Required action - Lines before the one containing "A CHANEL LIMITED" are not wanted; restate the rest below word for word, through the last line, but drop any pictures.
--- Material supplied Enclosed Below ---
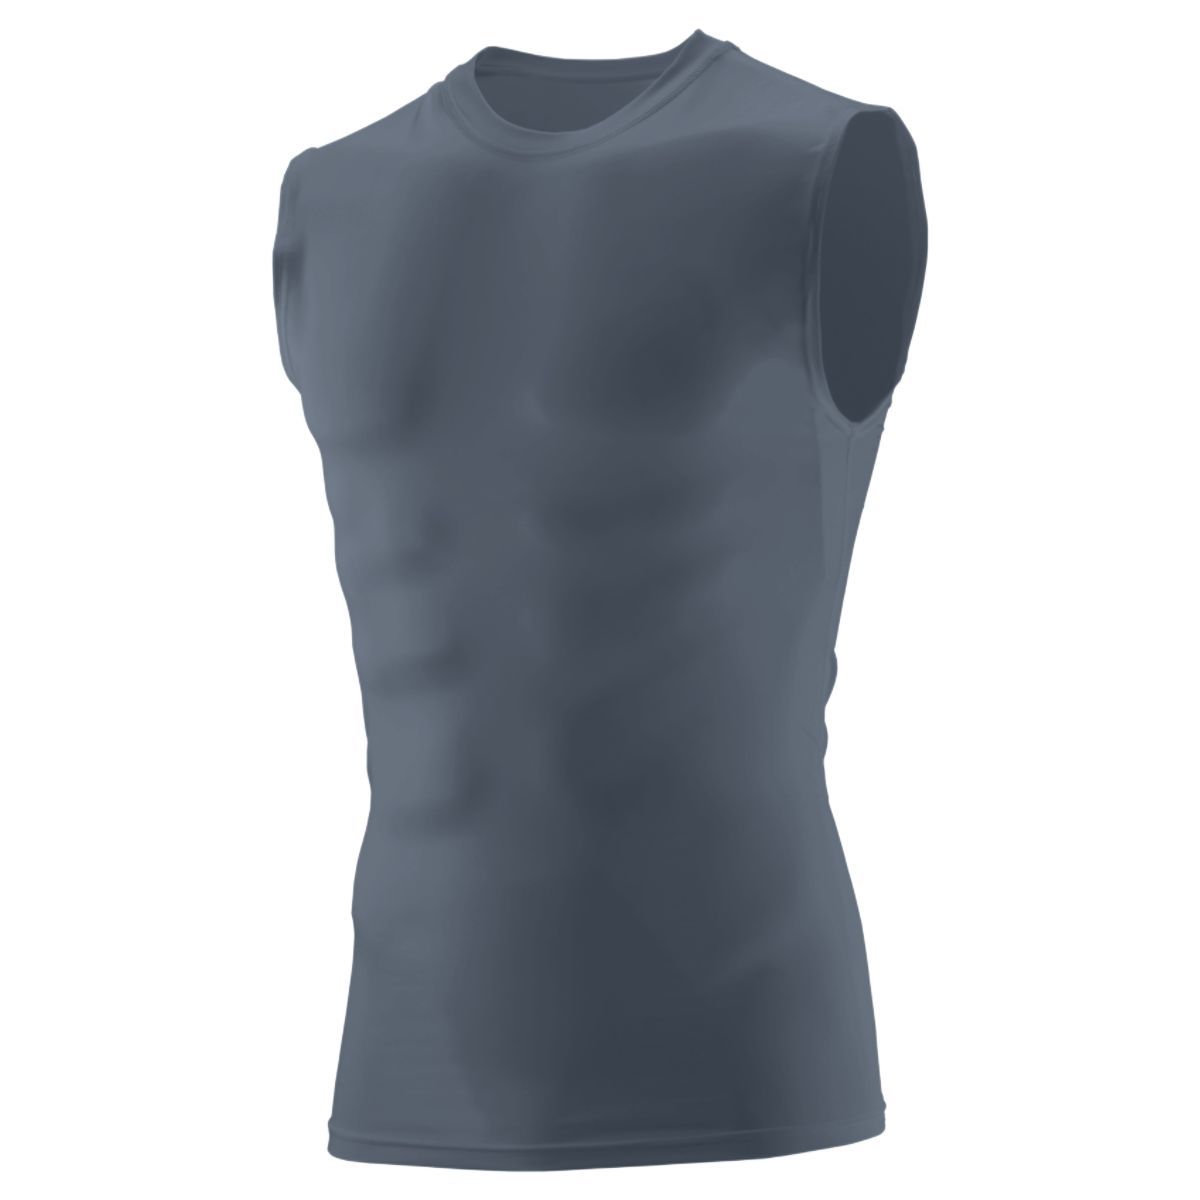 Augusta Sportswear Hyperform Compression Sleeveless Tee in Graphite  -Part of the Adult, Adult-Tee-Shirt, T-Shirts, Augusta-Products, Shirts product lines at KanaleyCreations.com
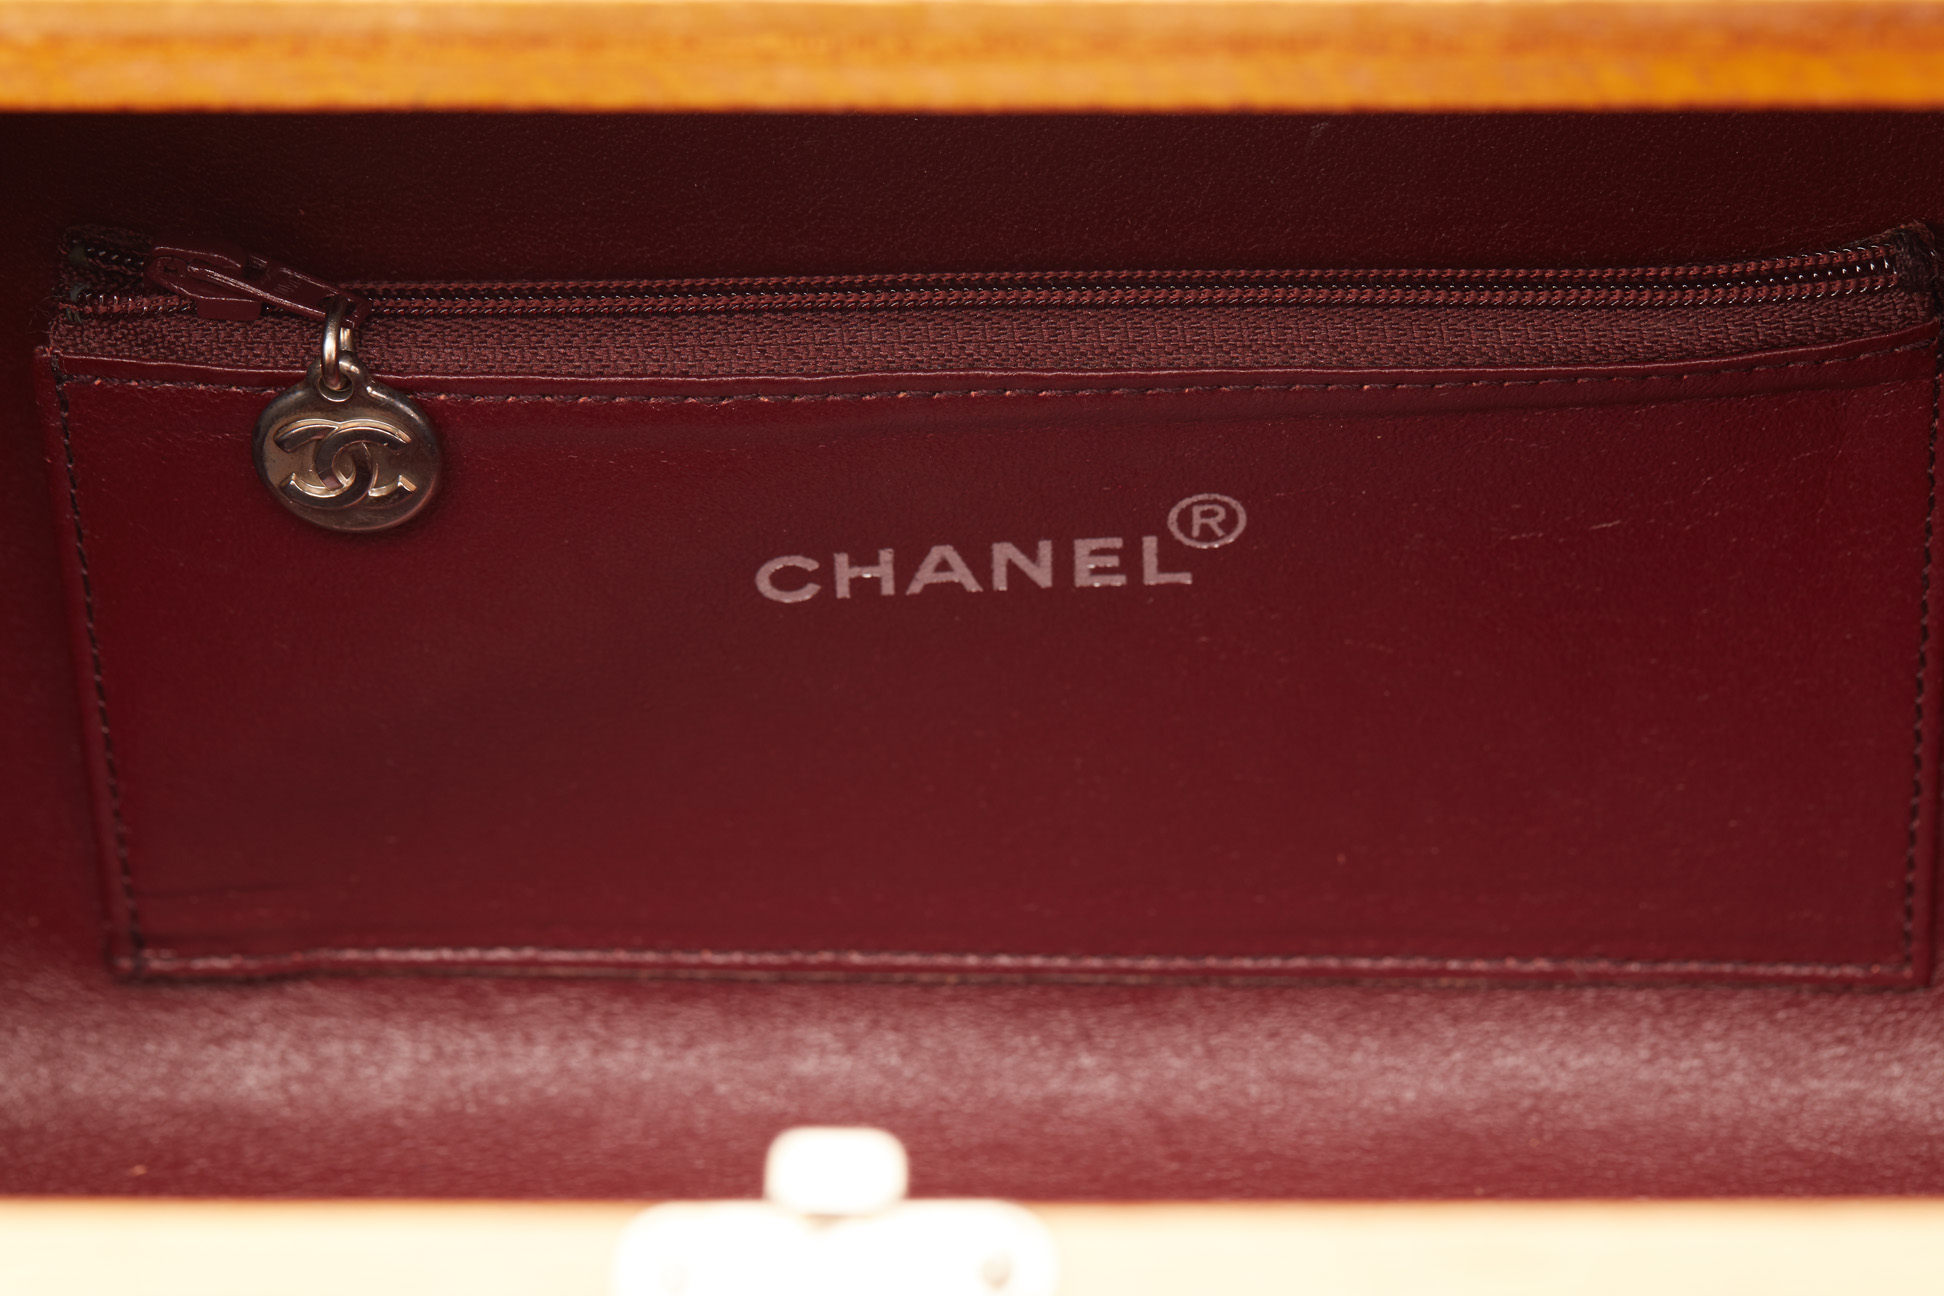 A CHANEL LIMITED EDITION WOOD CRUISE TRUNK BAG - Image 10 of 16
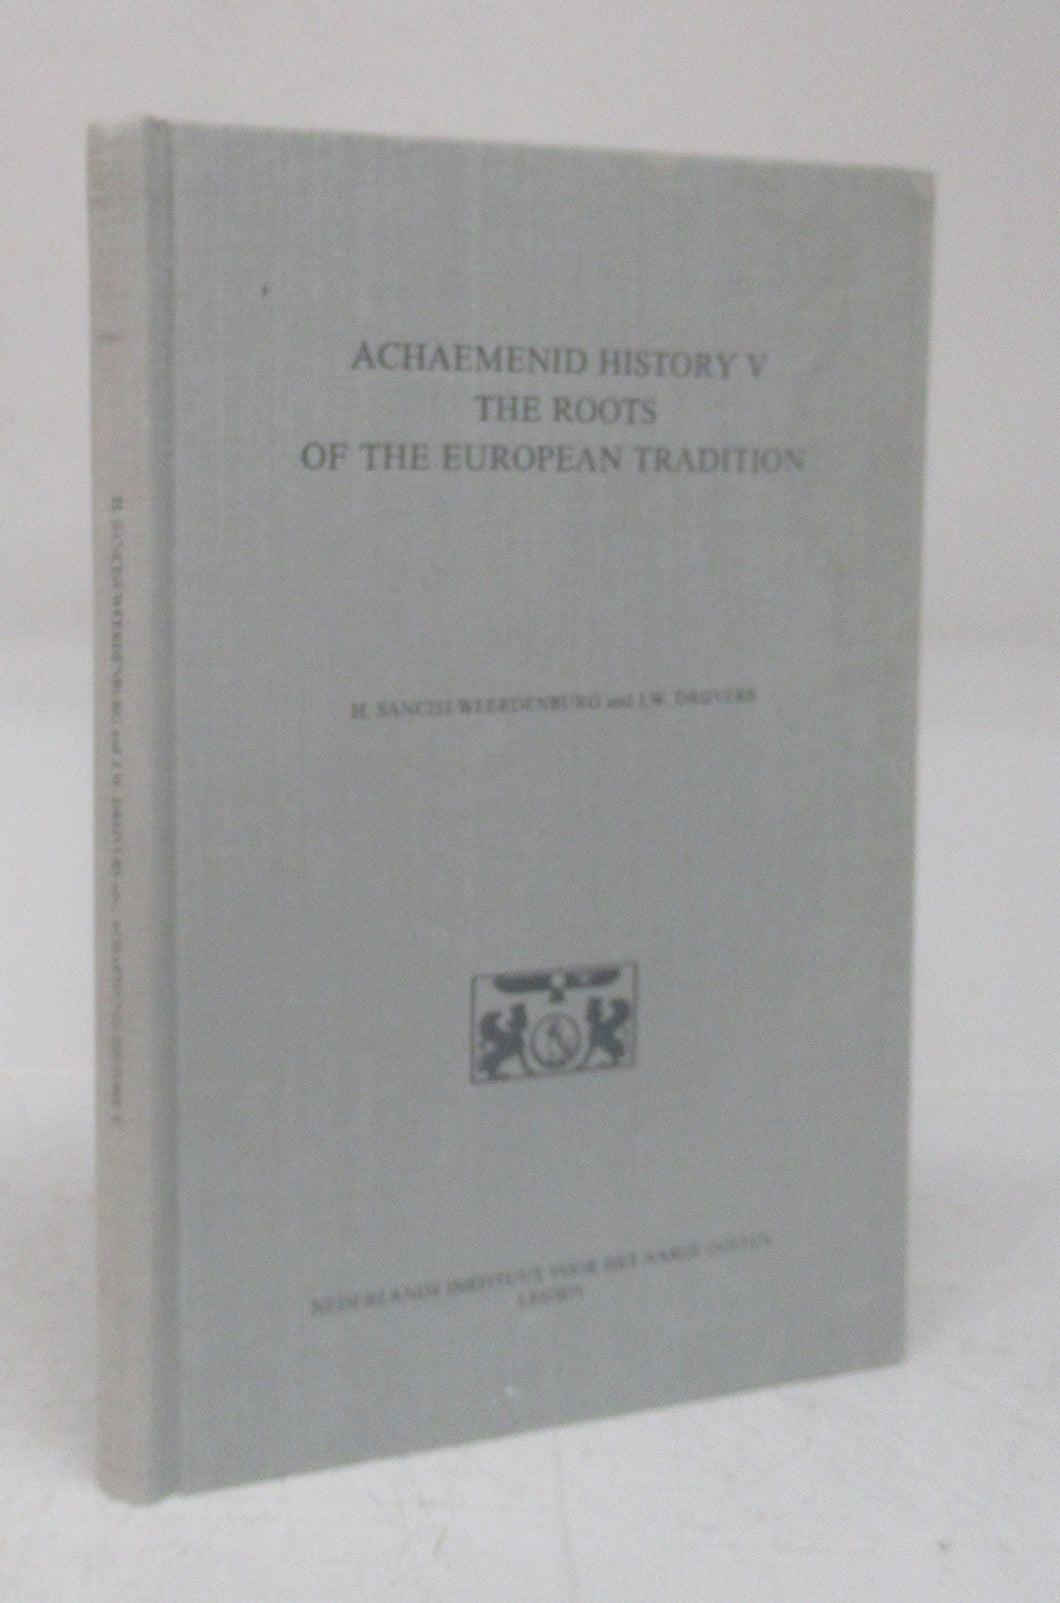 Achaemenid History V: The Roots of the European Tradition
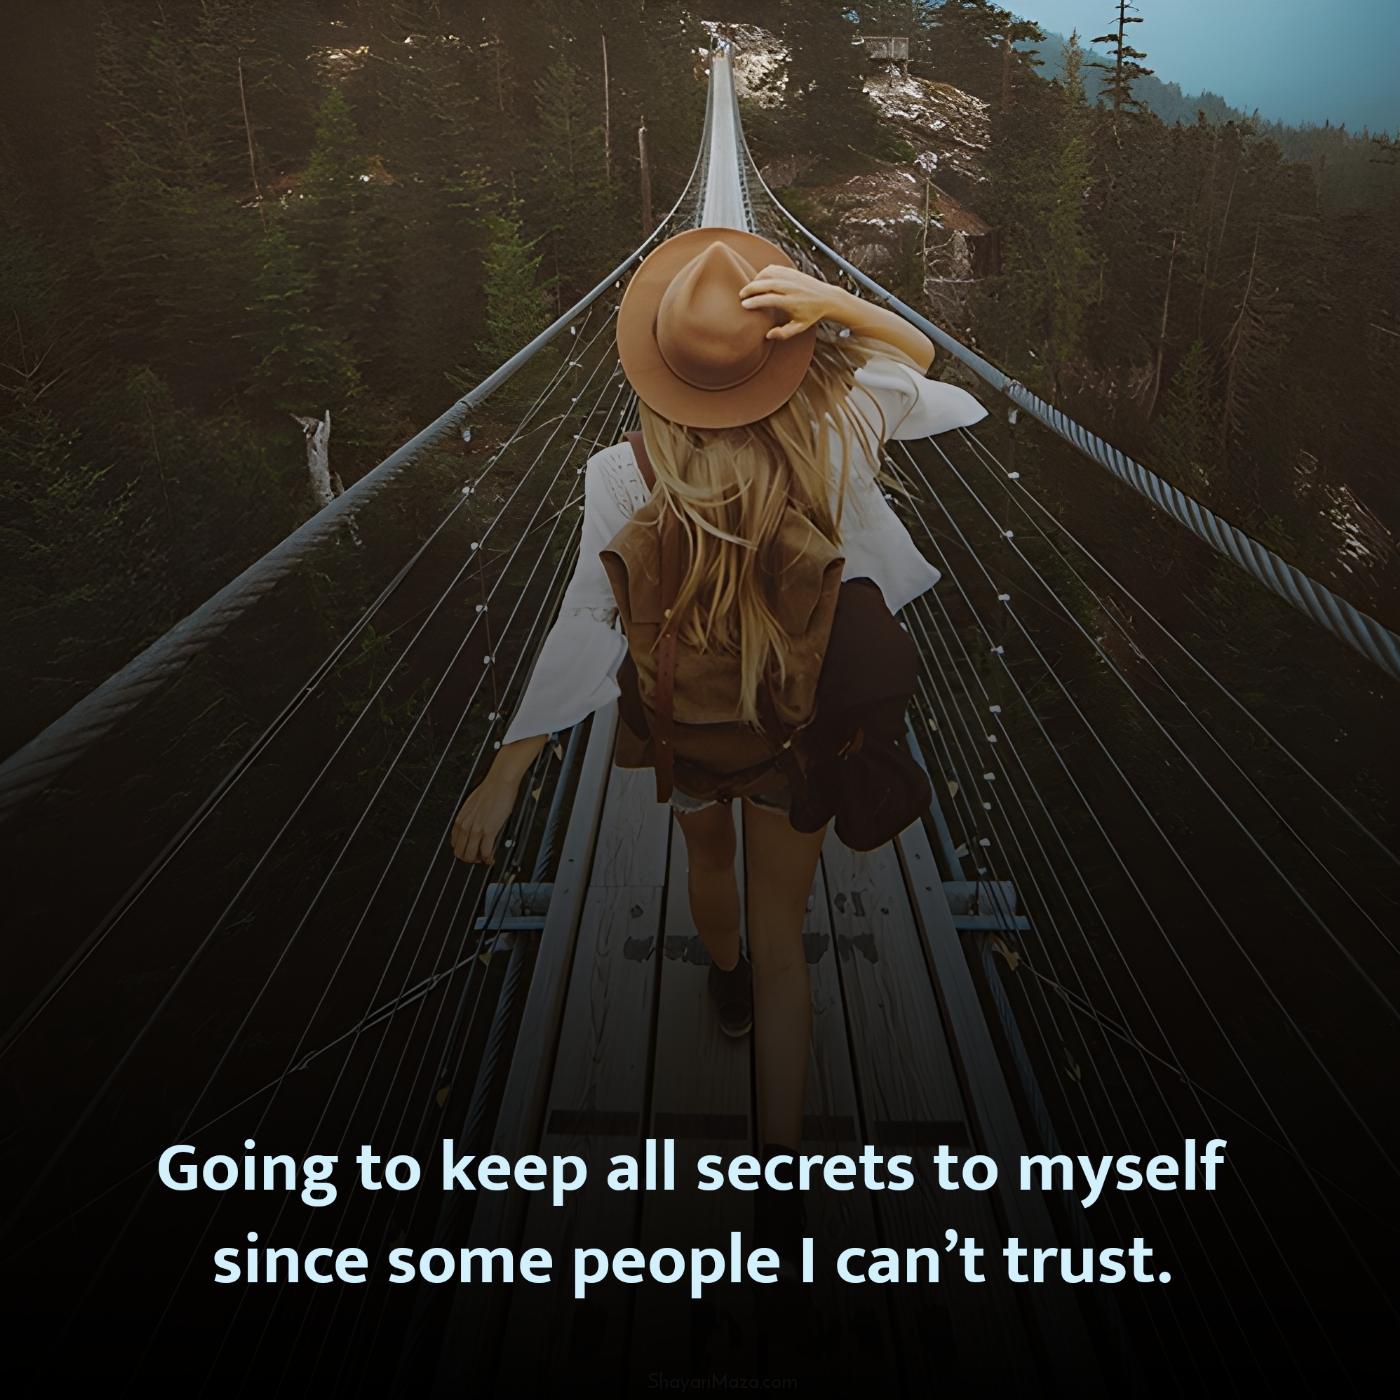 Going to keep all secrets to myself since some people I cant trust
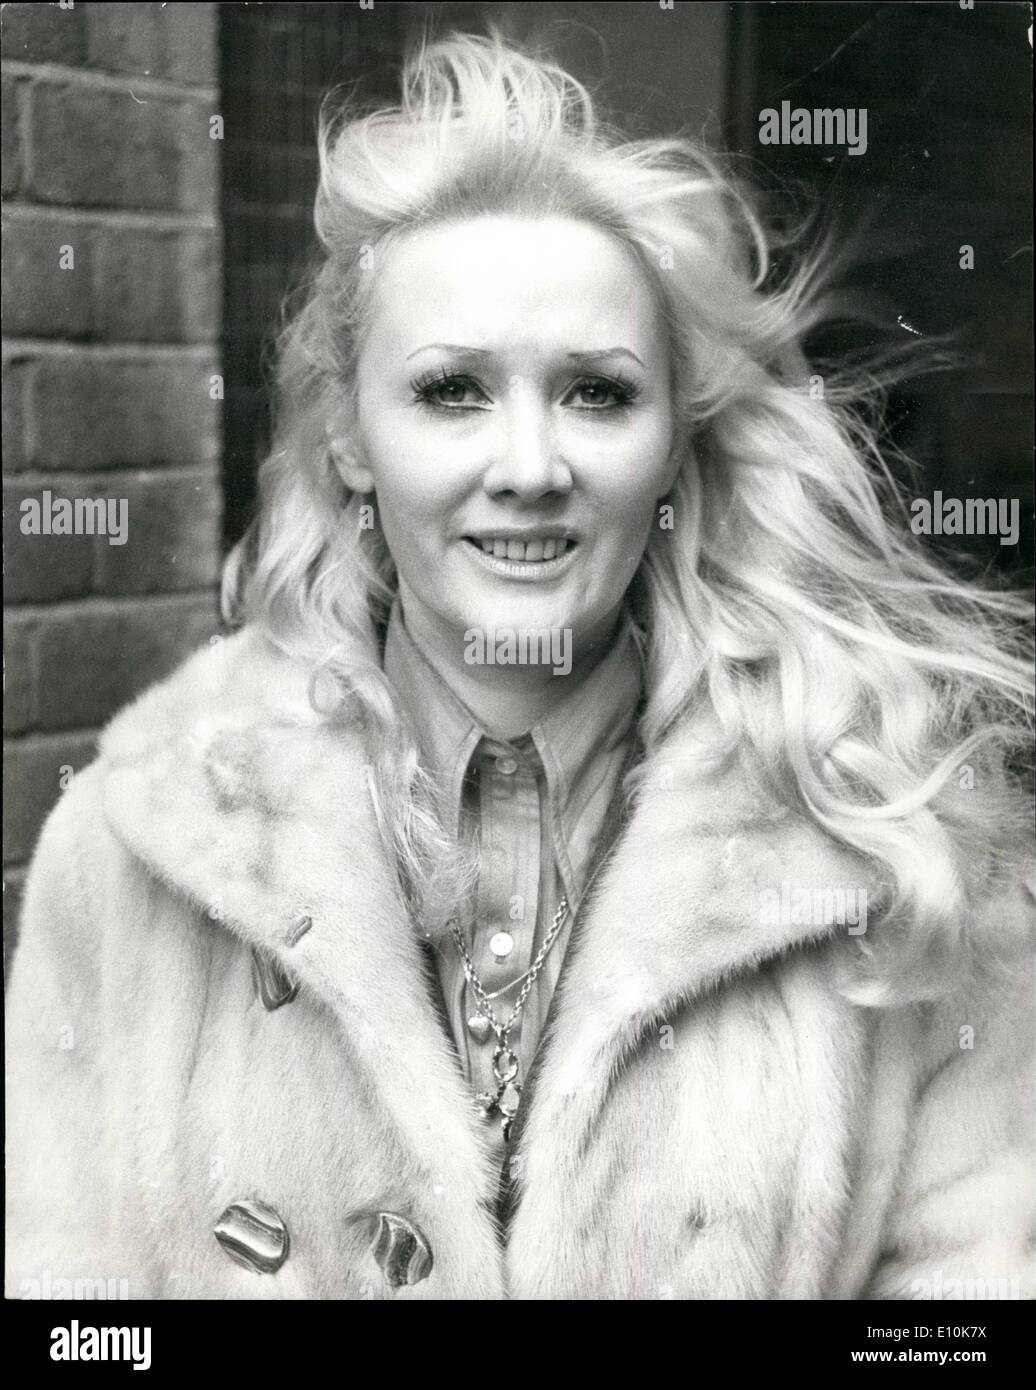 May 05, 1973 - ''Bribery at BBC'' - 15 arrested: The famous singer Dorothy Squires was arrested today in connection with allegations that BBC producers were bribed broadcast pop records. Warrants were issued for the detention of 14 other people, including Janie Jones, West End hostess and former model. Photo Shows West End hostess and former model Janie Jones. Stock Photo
--- End of Enclosed Material supplied ---
Solution for this problem -
 A CHANEL LIMITED EDITION WOOD CRUISE TRUNK BAG - Image 10 of 16
 Achaemenid History V: The Roots of the European Tradition
 Going to keep all secrets to myself since some people I cant trust
 May 05, 1973 - ''Bribery at BBC'' - 15 arrested: The famous singer Dorothy Squires was arrested today in connection with allegations that BBC producers were bribed broadcast pop records. Warrants were issued for the detention of 14 other people, including Janie Jones, West End hostess and former model. Photo Shows West End hostess and former model Janie Jones. Stock Photo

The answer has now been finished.